[What to produce]: Taking the line that contains "Through the Hot" as the start and the last line of the data as the end, repeat exactly every line in that span, but no pictures.

(Available data)

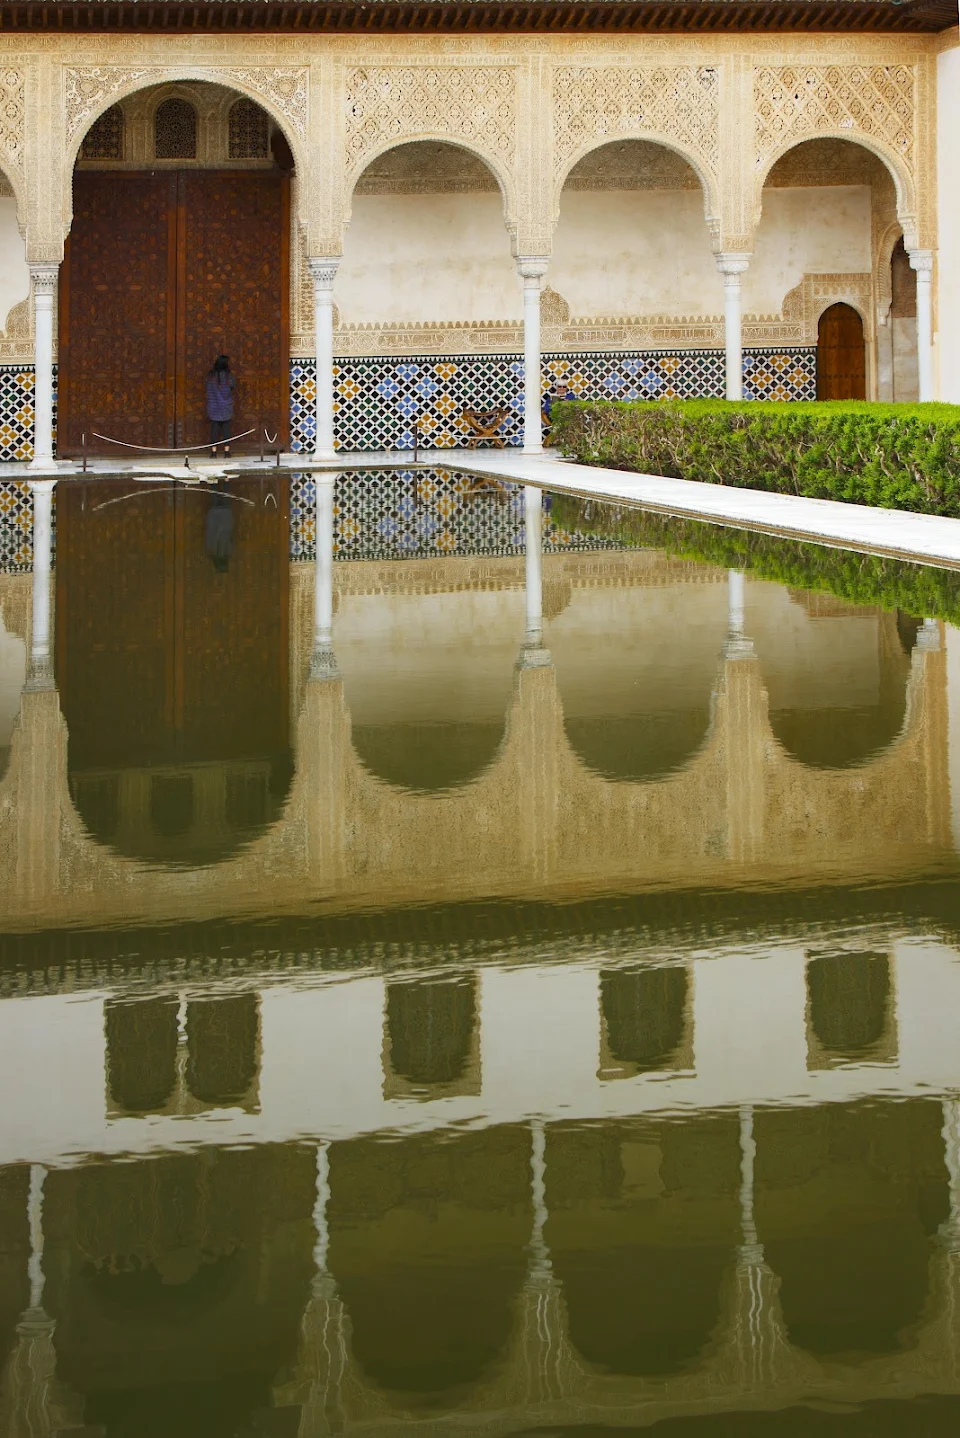 Mirror pool... (Nasrid Palaces, the Alhambra - in Granada, Spain)
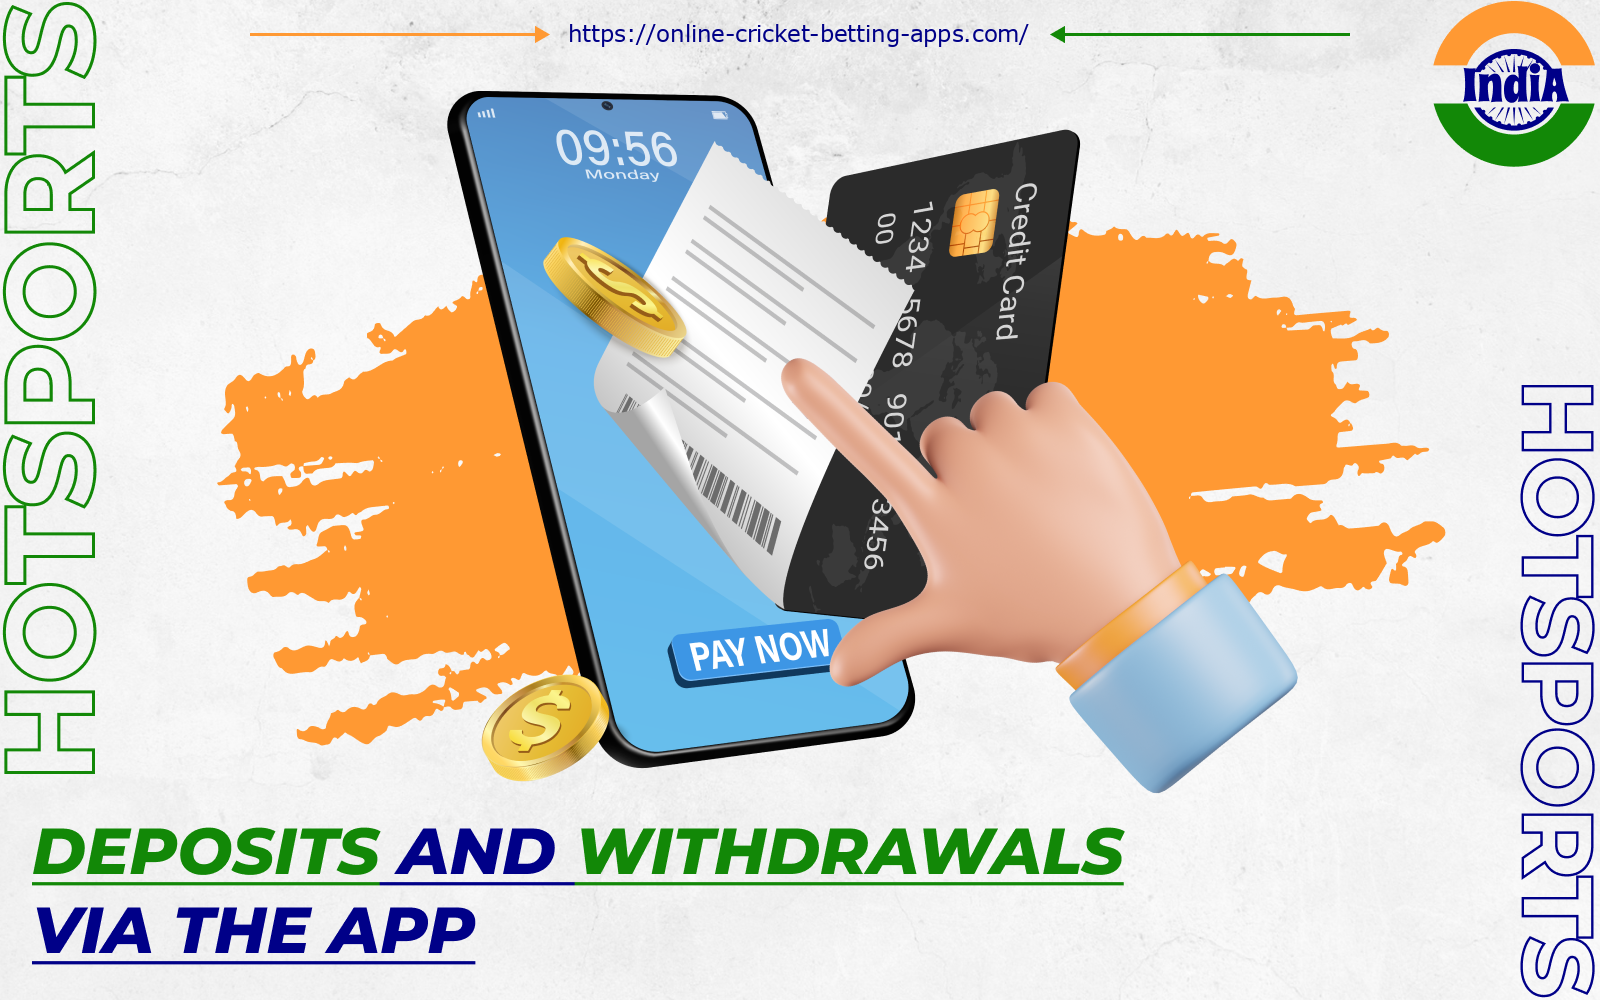 Through the Hot Sports app, Indian users can manage their balance, make deposits and withdrawals
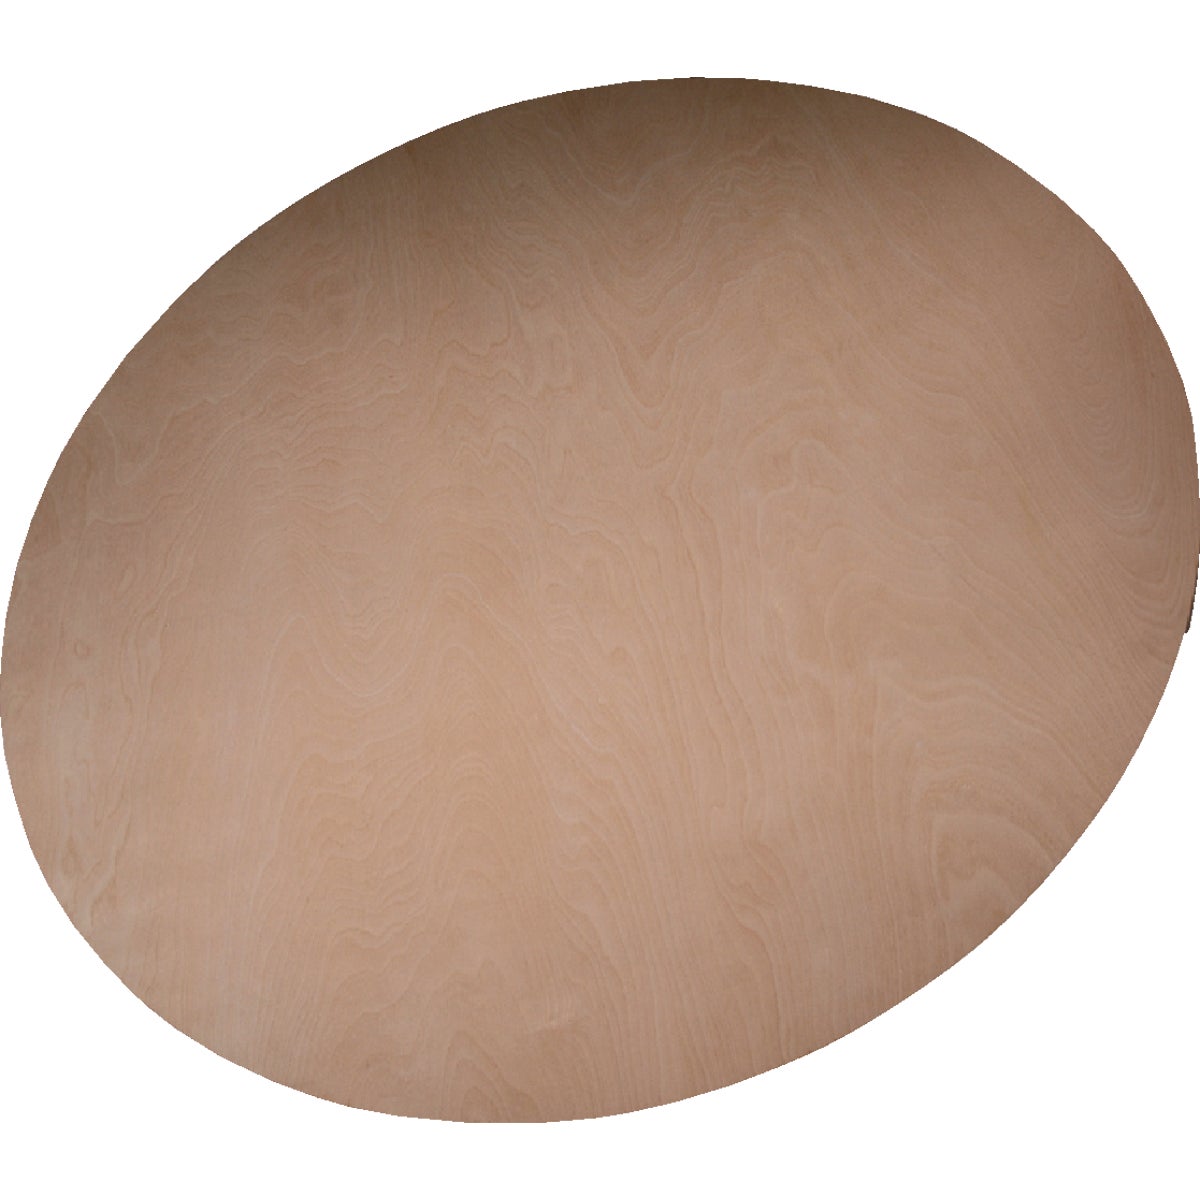 Alexandria Moulding 3/4 In. x 36 In. Plywood Round
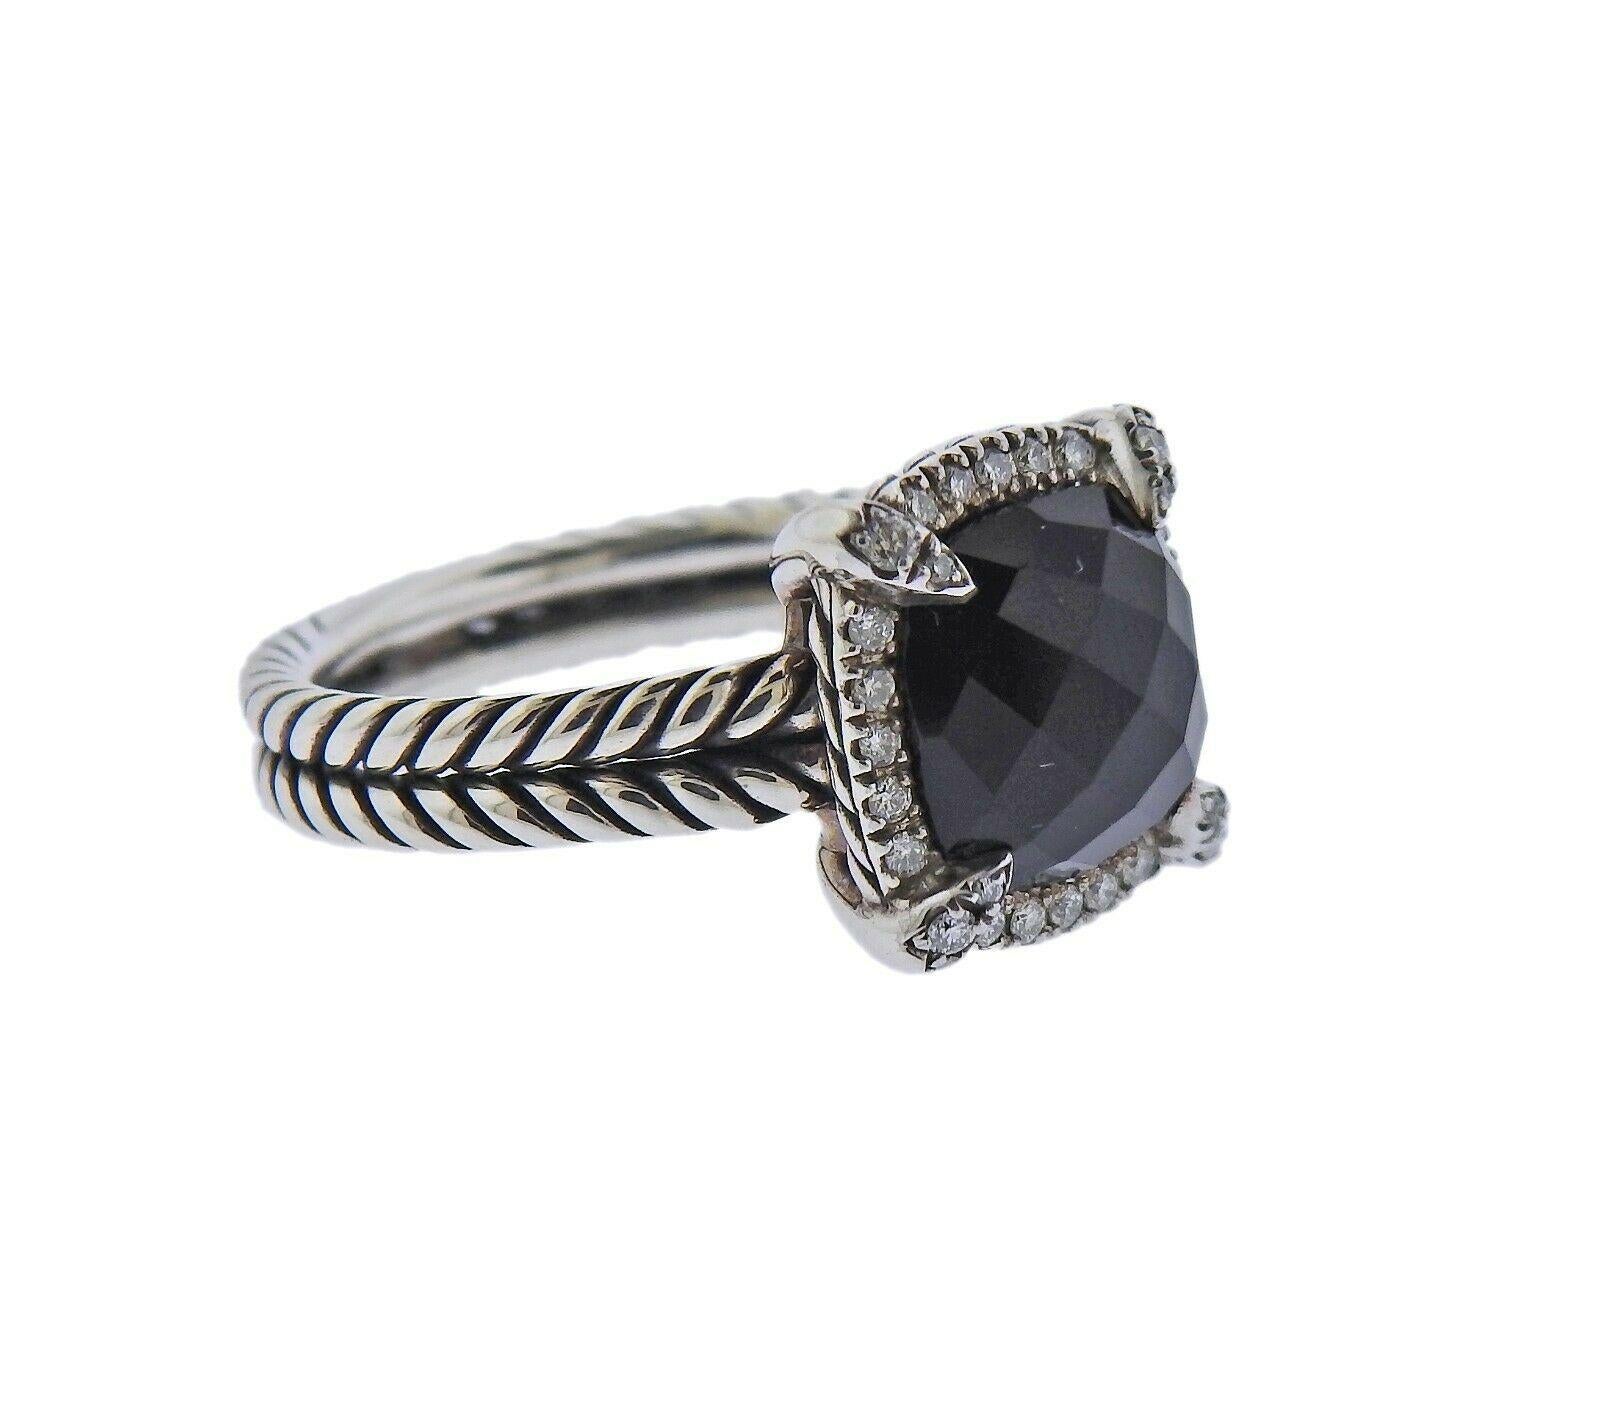 New sterling silver Chatelaine ring by David Yurman, with 9mm onyx and approx. 0.14ctw in diamonds. Retail $850. Size 6, black onyx 9mm wide.  Weight - 5.2 grams. Marked: D.Y., 925.

(End Available data)

[Result for this exercise]:
 Through the Hot Sports app, Indian users can manage their balance, make deposits and withdrawals
 Alexandria Moulding 3/4 In. x 36 In. Plywood Round
 New sterling silver Chatelaine ring by David Yurman, with 9mm onyx and approx. 0.14ctw in diamonds. Retail $850. Size 6, black onyx 9mm wide.  Weight - 5.2 grams. Marked: D.Y., 925.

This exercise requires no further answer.